The following are discussed in more detail in other sections of the labeling:
- Known hypersensitivity to methylphenidate products or other ingredients of QUILLIVANT XR[see Contraindications (4)]
- Hypertensive Crisis When Used Concomitantly with Monoamine Oxidase Inhibitors [see Contraindications (4), Drug Interactions (7.1)]
- Abuse, Misuse, and Addiction [see Boxed Warning, Warnings and Precautions (5.1), Drug Abuse and Dependence (9.2, 9.3)]
- Risks to Patients with Serious Cardiac Disease [see Warnings and Precautions (5.2)]
- Increased Blood Pressure and Heart Rate [see Warnings and Precautions (5.3)]
- Psychiatric Adverse Reactions[see Warnings and Precautions (5.4)]
- Priapism [see Warnings and Precautions (5.5)]
- Peripheral Vasculopathy, including Raynaud’s phenomenon [see Warnings and Precautions (5.6)]
- Long-Term Suppression of Growth in Pediatric Patients [see Warnings and Precautions (5.7)]
- Acute Angle Closure Glaucoma[see Warnings and Precautions (5.8)]
- Increased Intraocular Pressure and Glaucoma [see Warnings and Precautions (5.9)]
- Motor and Verbal Tics, and Worsening of Tourette’s Syndrome [see Warnings and Precautions (5.10)]
QUILLIVANT XR is a powder that, after reconstitution with water, forms an extended-release oral suspension formulation of methylphenidate intended for once daily oral administration.
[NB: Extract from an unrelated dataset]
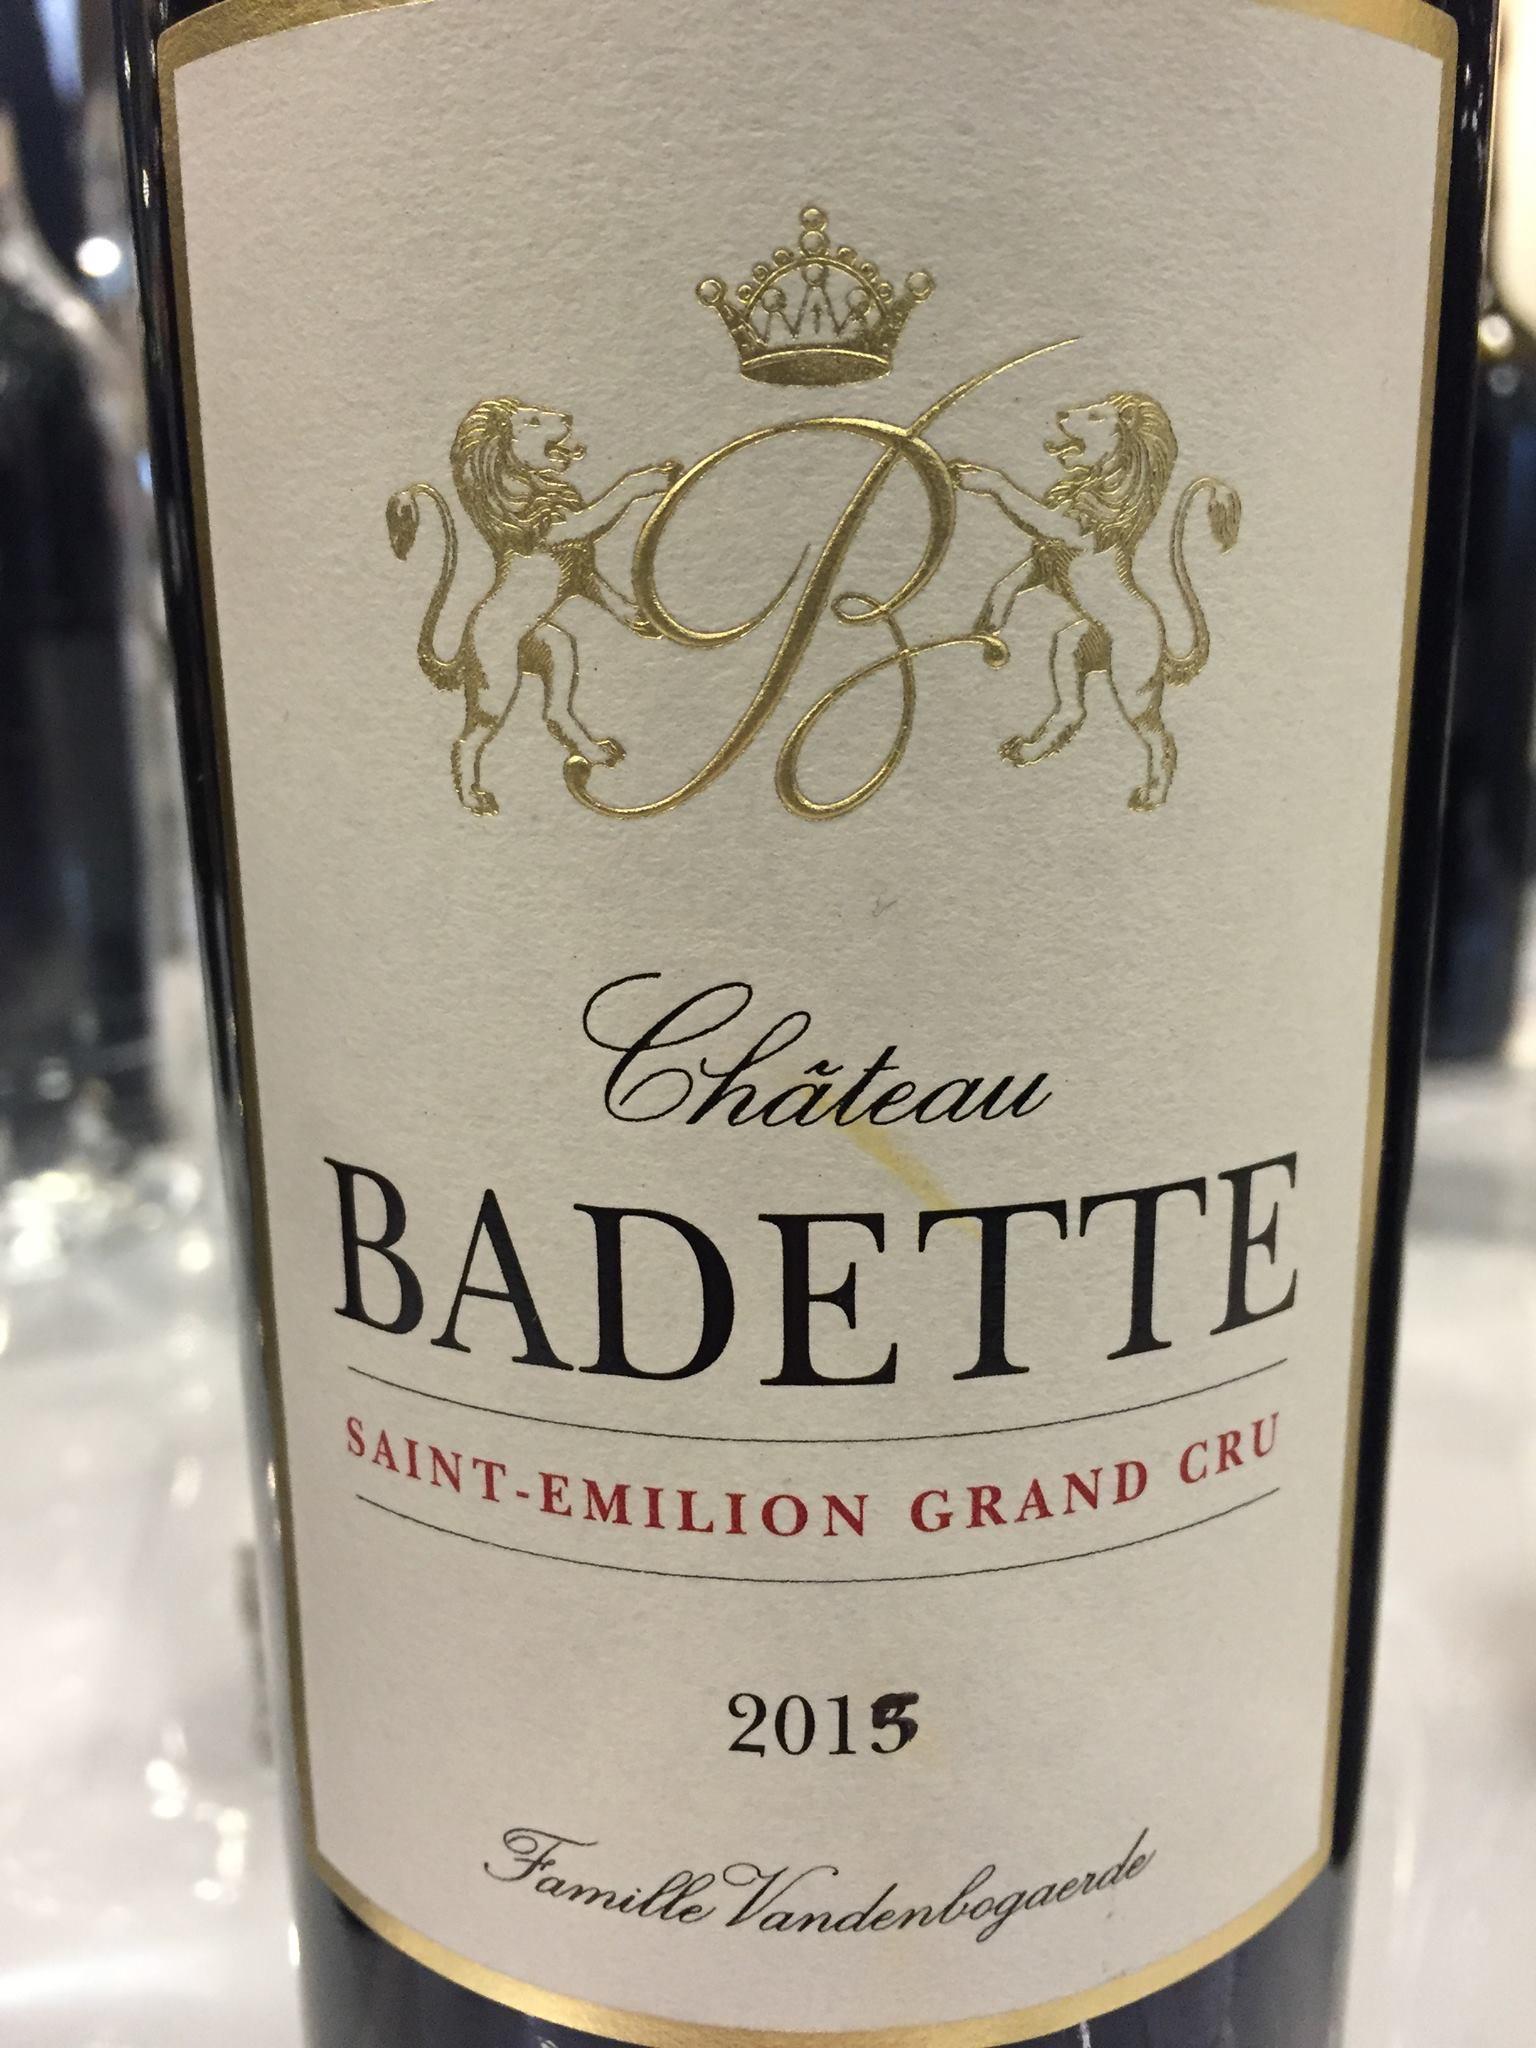 Château Badette 2015 – Saint-Emilion Grand Cru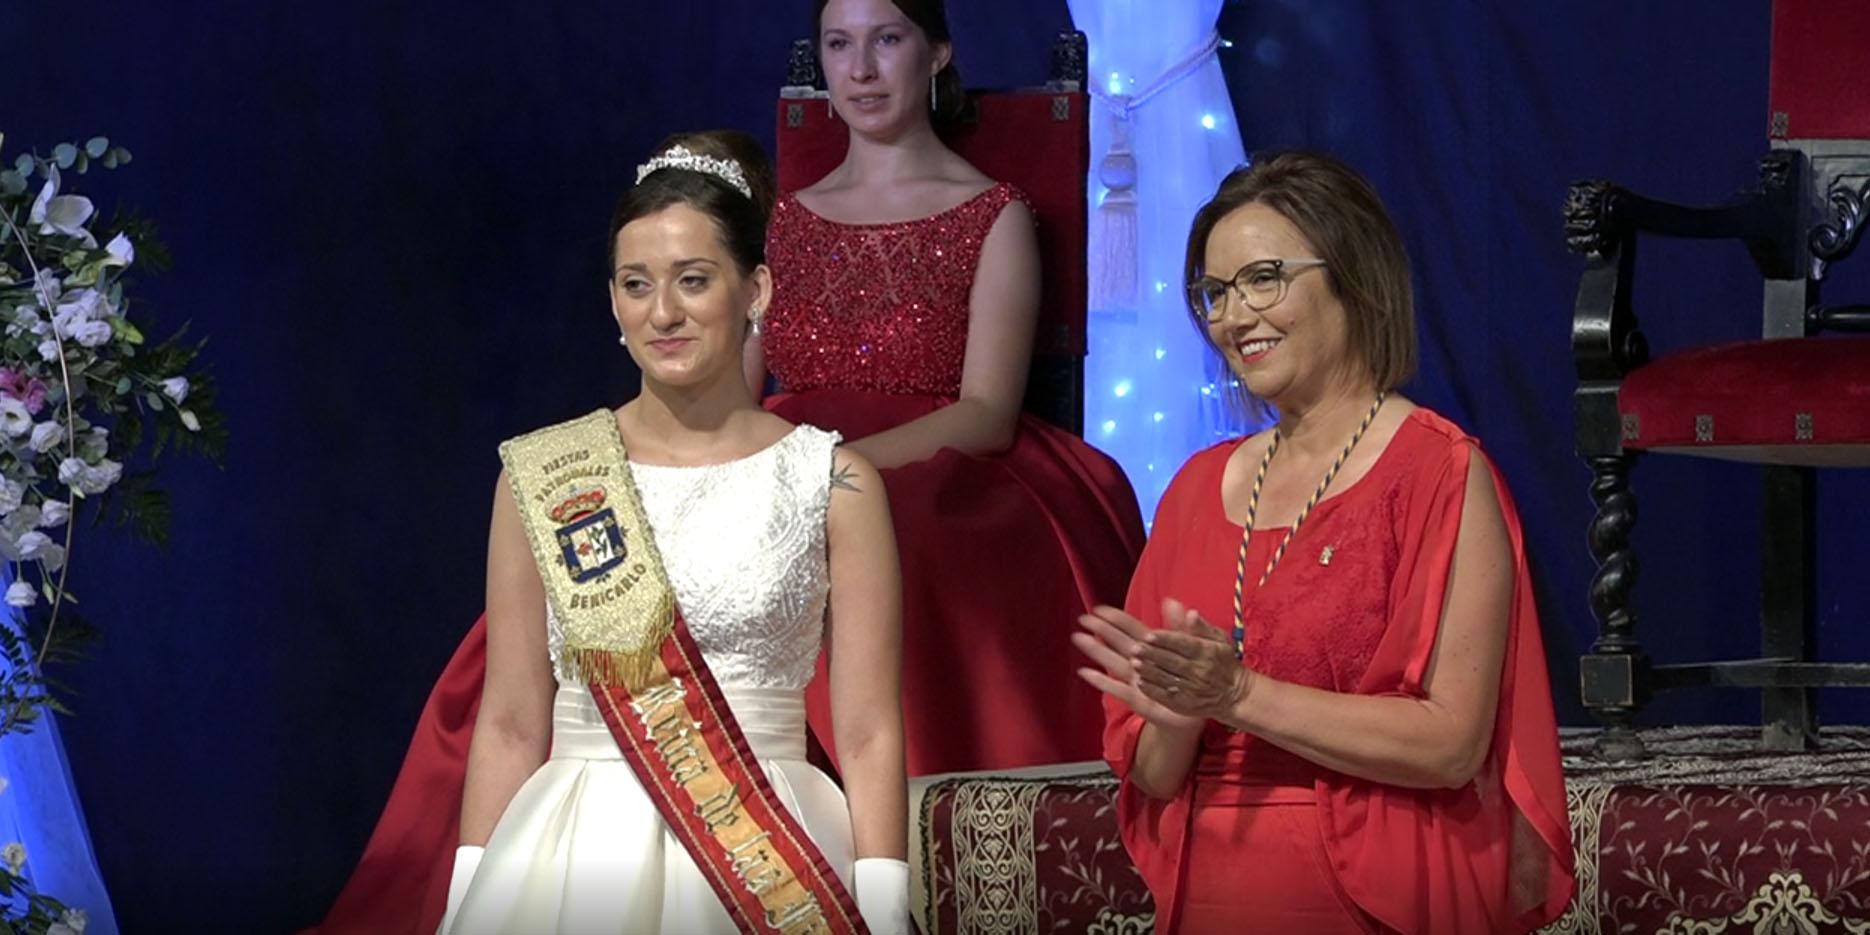 Benicarló, comencen les Festes Patronals amb la proclamació de la reina, Cort d'Honor i Dulcinea

QUILLIVANT XR contains approximately 20% immediate-release and 80% extended-release methylphenidate. After reconstitution, QUILLIVANT XR is available in a 25 mg per 5 mL (5 mg per mL) extended-release oral suspension.
Methylphenidate HCl is a central nervous system (CNS) stimulant. The chemical name is methyl α-phenyl-2-piperidineacetate hydrochloride, and its structural formula is shown in Figure 1.
C14H19NO2•HCI Mol. Wt. 269.77
Methylphenidate HCl is a white, odorless crystalline powder. Its solutions are acid to litmus. It is freely soluble in water and in methanol, soluble in alcohol, and slightly soluble in chloroform and in acetone.
QUILLIVANT XR also contains the following inactive ingredients: sodium polystyrene sulfonate, povidone, triacetin, polyvinyl acetate, sucrose, anhydrous trisodium citrate, anhydrous citric acid, sodium benzoate, sucralose, poloxamer 188, corn starch, xanthan gum, talc, banana flavor, and silicon dioxide.
The efficacy of QUILLIVANT XR was evaluated in a laboratory classroom study conducted in 45 pediatric patients (ages 6 to 12 years) with ADHD. Patients in the trial met Diagnostic and Statistical Manual of Mental Diseases, 4th edition (DSM-IV®) criteria for ADHD. The study began with an open-label dose optimization period (4 to 6 weeks) with an initial QUILLIVANT XR dose of 20 mg once daily in the morning. The dose could be titrated weekly in increments of 10 or 20 mg until a therapeutic dose or the maximum dose of 60 mg/day was reached. At the end of the dose optimization period, approximately 5% of subjects were receiving 20 mg/day; 39%, 30 mg/day; 31%, 40 mg/day; 10%, 50 mg/day; and 15%, 60 mg/day. Subjects then entered a 2-week randomized, double-blind, crossover treatment with the individually optimized dose of QUILLIVANT XR or placebo. At the end of each week, school teachers and raters evaluated the attention and behavior of the subjects in a laboratory classroom using the Swanson, Kotkin, Agler, M-Flynn, and Pelham (SKAMP) rating scale. The primary efficacy endpoint was the SKAMP-Combined score at 4 hours post-dosing. The key secondary efficacy endpoints were the SKAMP-Combined scores at 0.75, 2, 8, 10, and 12 hours post-dosing.
Results from the first double-blind, placebo-controlled week of the study are summarized in Figure 3. SKAMP-Combined scores were statistically significantly lower (improved) at all time points (0.75, 2, 4, 8, 10, 12 hours) post-dosing with QUILLIVANT XR compared to placebo.